Filling in a slot for a last minute cancellation for a gig at Crown and Harp she crossed paths with Sean French of Pour le Corps records. French was playing on the bill with his band Eyes Wings & Many Other Things. After hitting it off during a post-show discussion Taylor investigated more into Pour Le Corps and their roster. She surprisingly found kindred spirits sonically and aesthetically with the label. French and Taylor started recording just a few weeks after that at his home studio in Lower Greenville which produced The Ride.

"I hear tones and rhythms everywhere that inspire melodies or chord progressions," Taylor explains. "When in the studio writing a song, I'm balancing between keeping a certain focus, while remaining open to creative flow of thought. There is a drive in that process I can't quite find the words to explain, but it's strong when it hits."

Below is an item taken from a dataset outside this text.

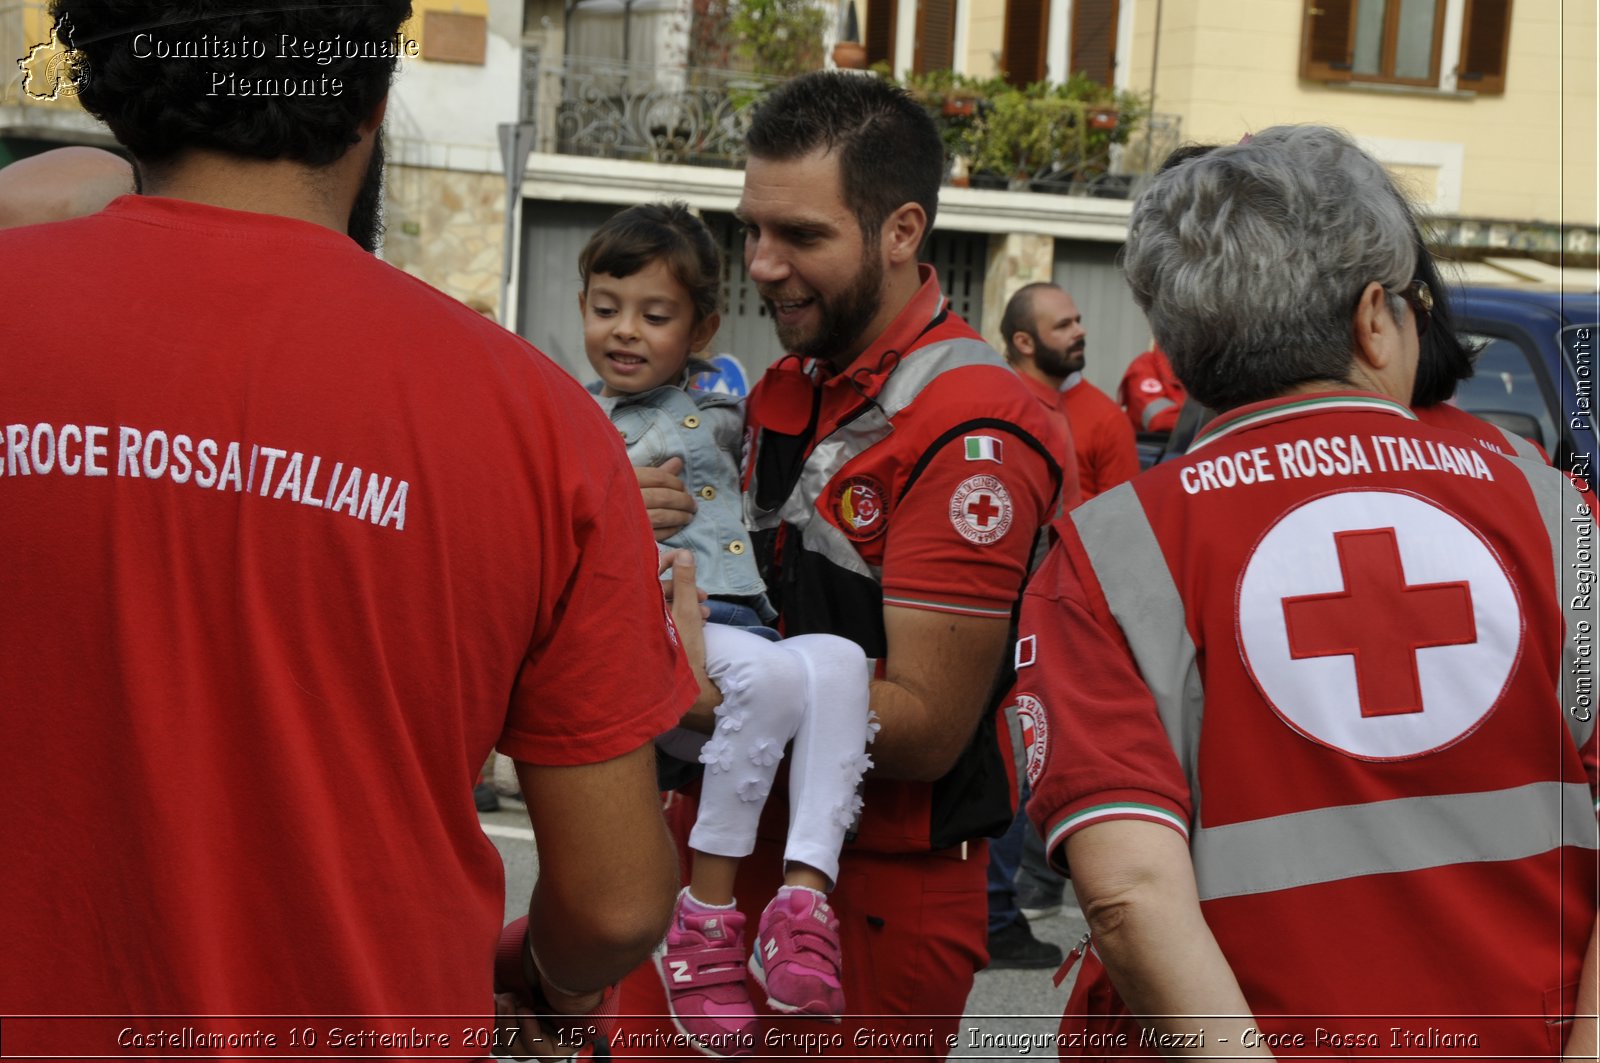 Castellamonte 10 Settembre 2017 - 15 Anniversario Gruppo Giovani e Inaugurazione Mezzi - Croce Rossa Italiana- Comitato Regionale del Piemonte

Taylor live performances feature her on vocals and synths alongside her video collaborator and husband Sean Miller. Together they bring the music into a full audio and visual immersion to pulls their audience into the little musical universe she has created. This came together online in the form of the video for the first single off the album, "Across the Hills".

Taylor's extremely diverse background informs her artistic voice without overtaking the singular vision explored on The Ride. She has studied contemporary, Western classical, jazz, funk, R&B, West African and Middle Eastern/Balkan music at College of Santa Fe in New Mexico. Over the last decade she has performed with experimental rock bands, Americana, Turkish and Classical ensembles, noise shows, indie-pop bands, jazz bands, DJs and hip hop crews. With such a diverse background, Taylor is capable of whatever she puts her mind to. That makes the striking originality of her album all the more special.


The Ride is currently available in digital format through Pour Le Corp's Bandcamp page with the Vinyl version hitting shelves on December. You can catch her live on halloween Night at Belzie's Bar with Night Game Cult.